### REQUIRED WORK:
Produce an exact transcription of the listing below, omitting the pictures.

### STORED DATA:
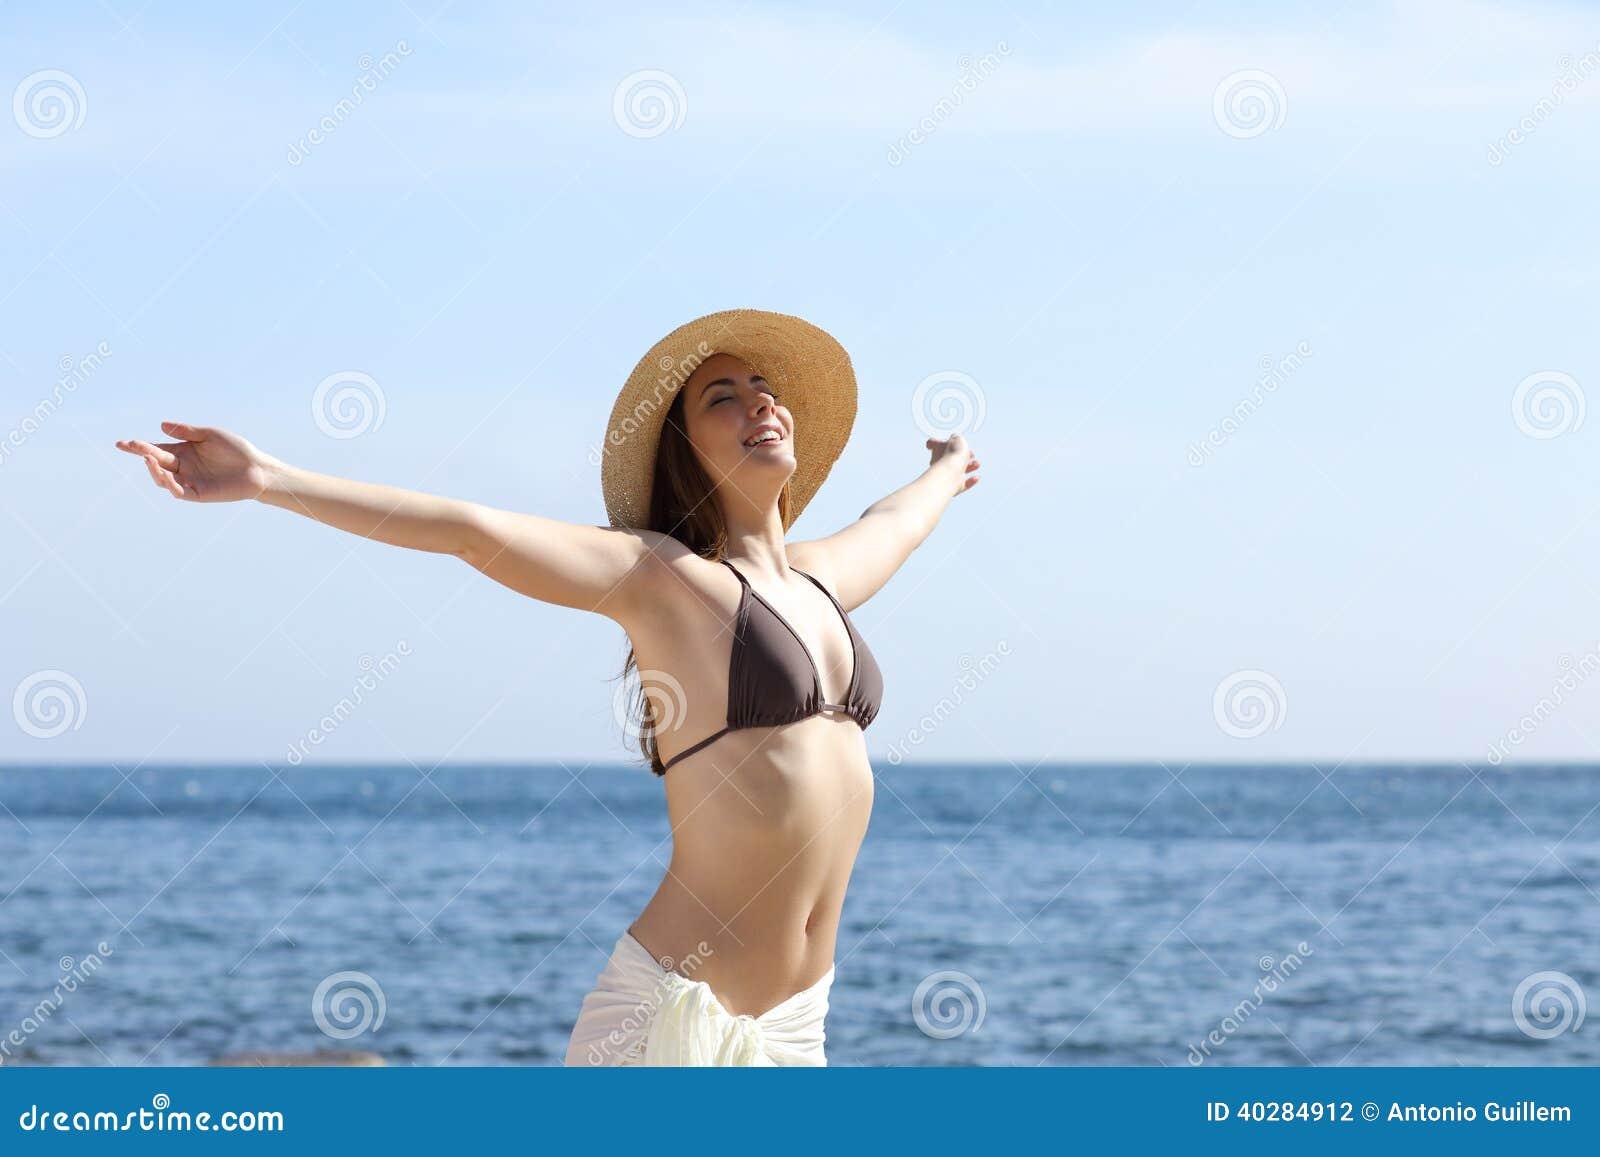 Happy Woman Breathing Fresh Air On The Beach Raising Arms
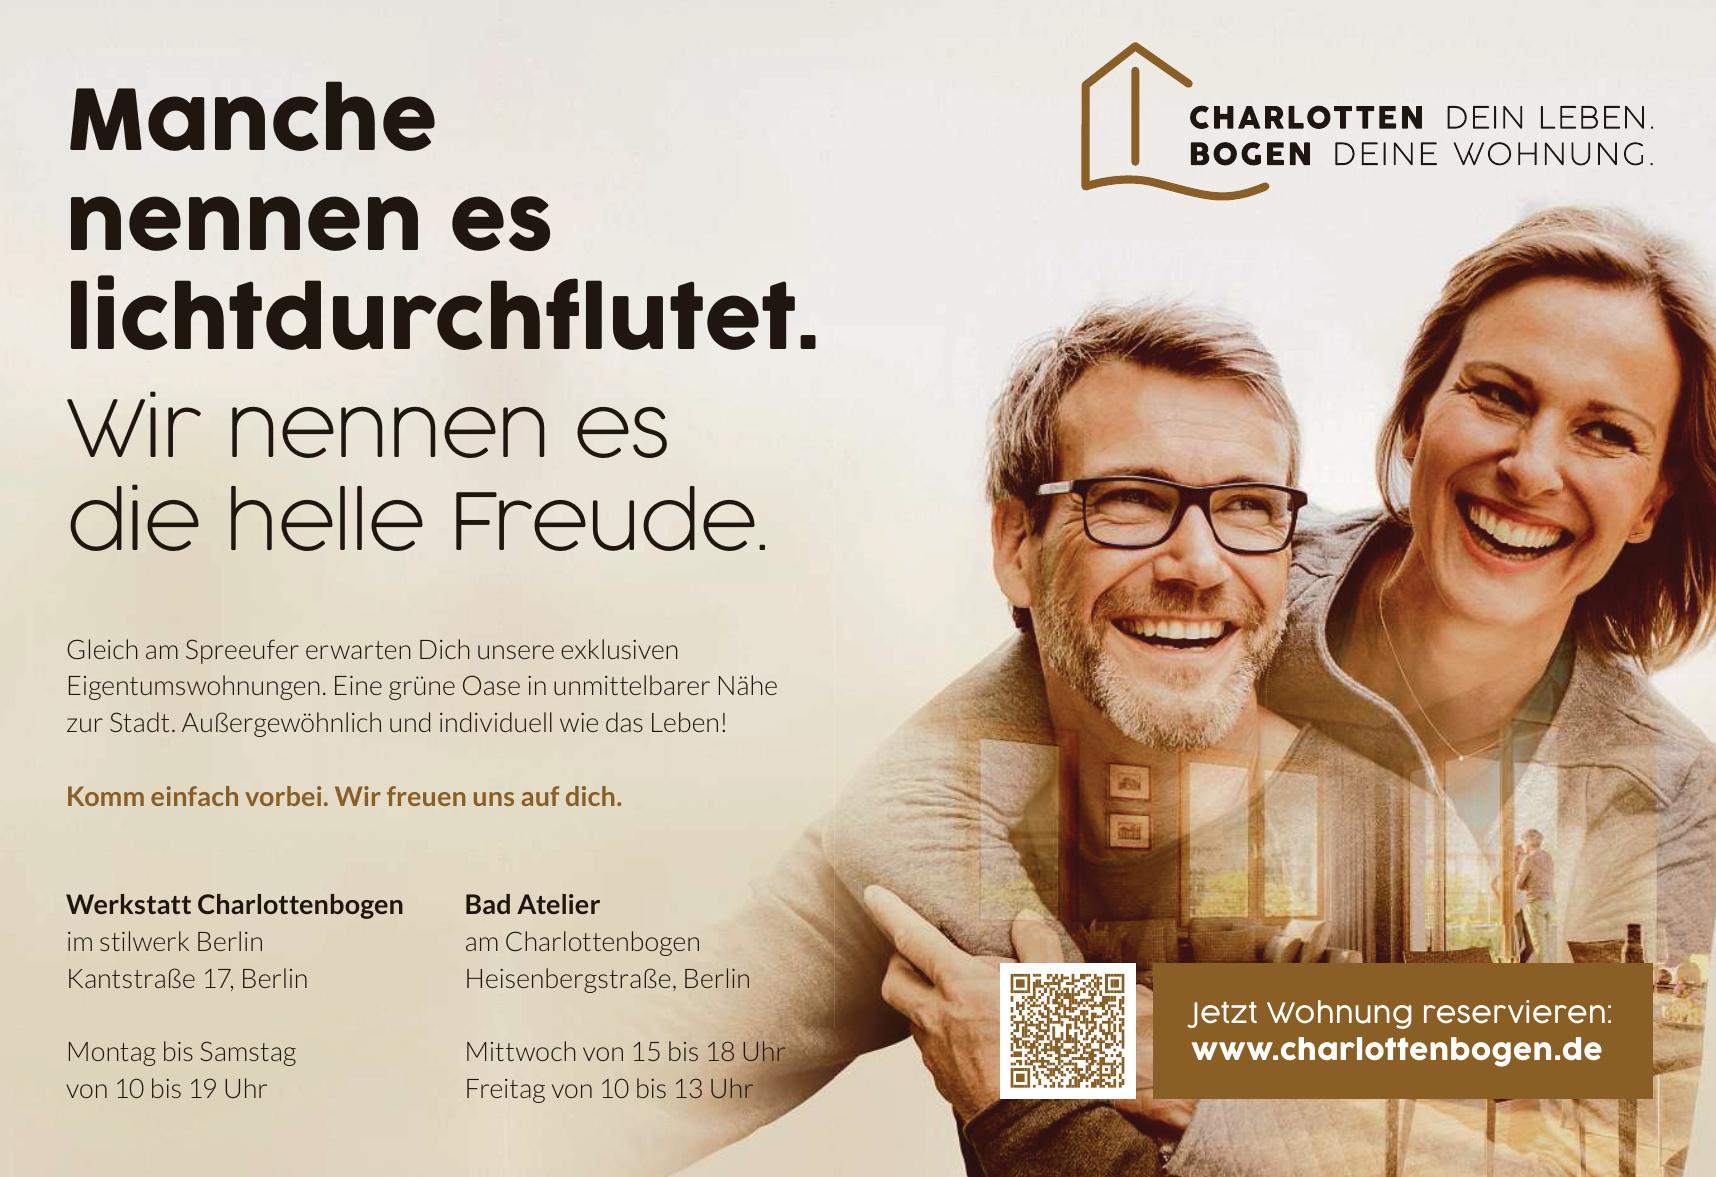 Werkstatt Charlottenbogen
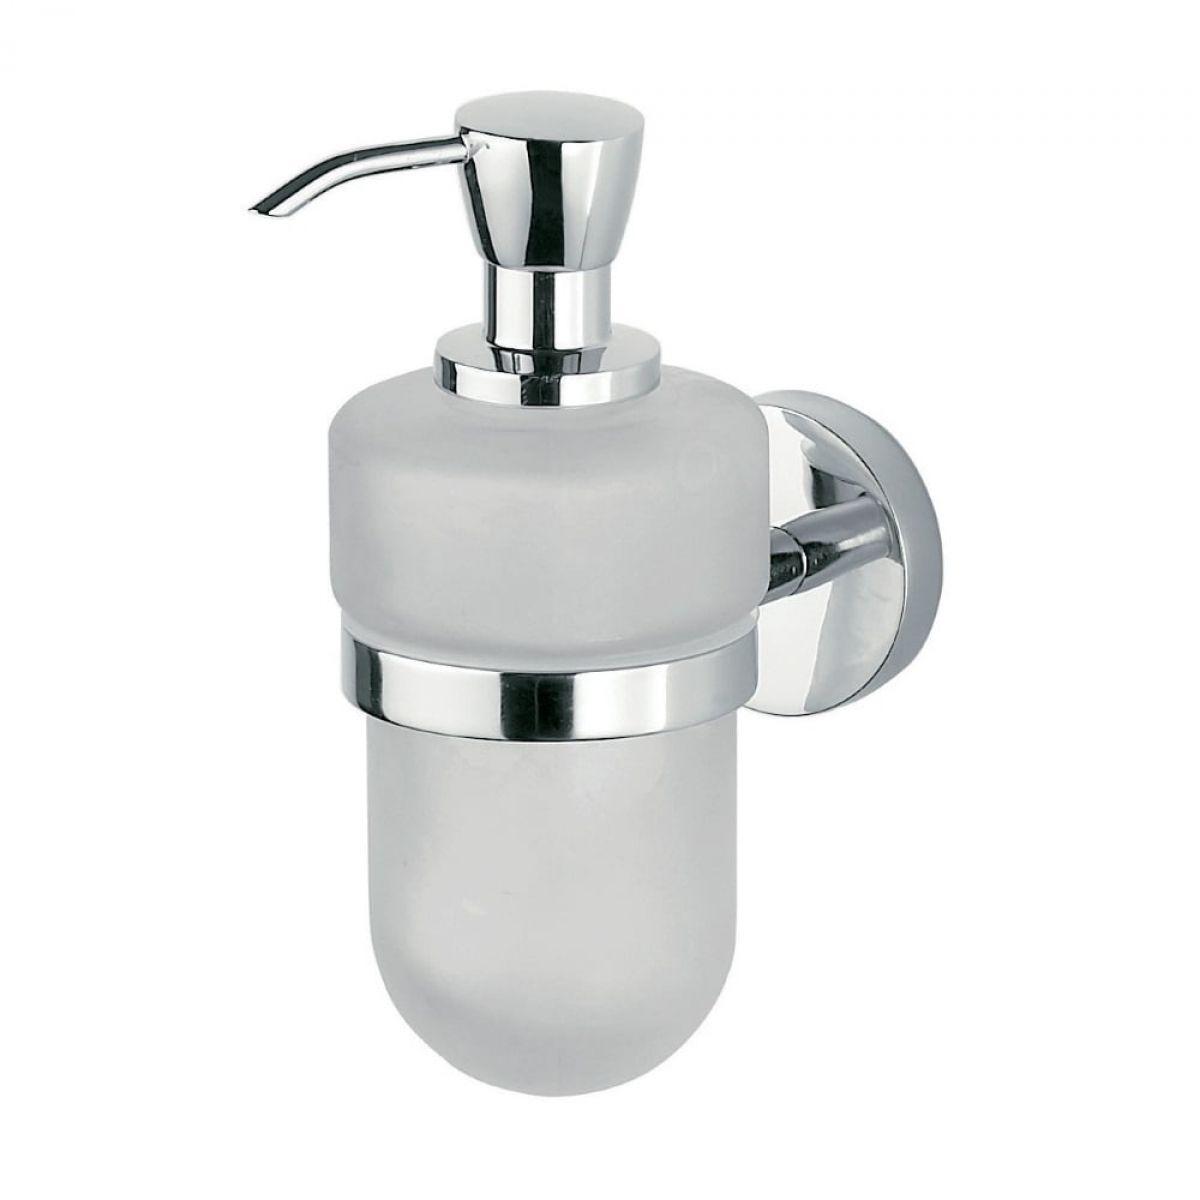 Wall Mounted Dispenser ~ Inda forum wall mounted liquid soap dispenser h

### ANSWER SPACE:
 Happy Woman Breathing Fresh Air On The Beach Raising Arms
 Werkstatt Charlottenbogen
 Wall Mounted Dispenser ~ Inda forum wall mounted liquid soap dispenser h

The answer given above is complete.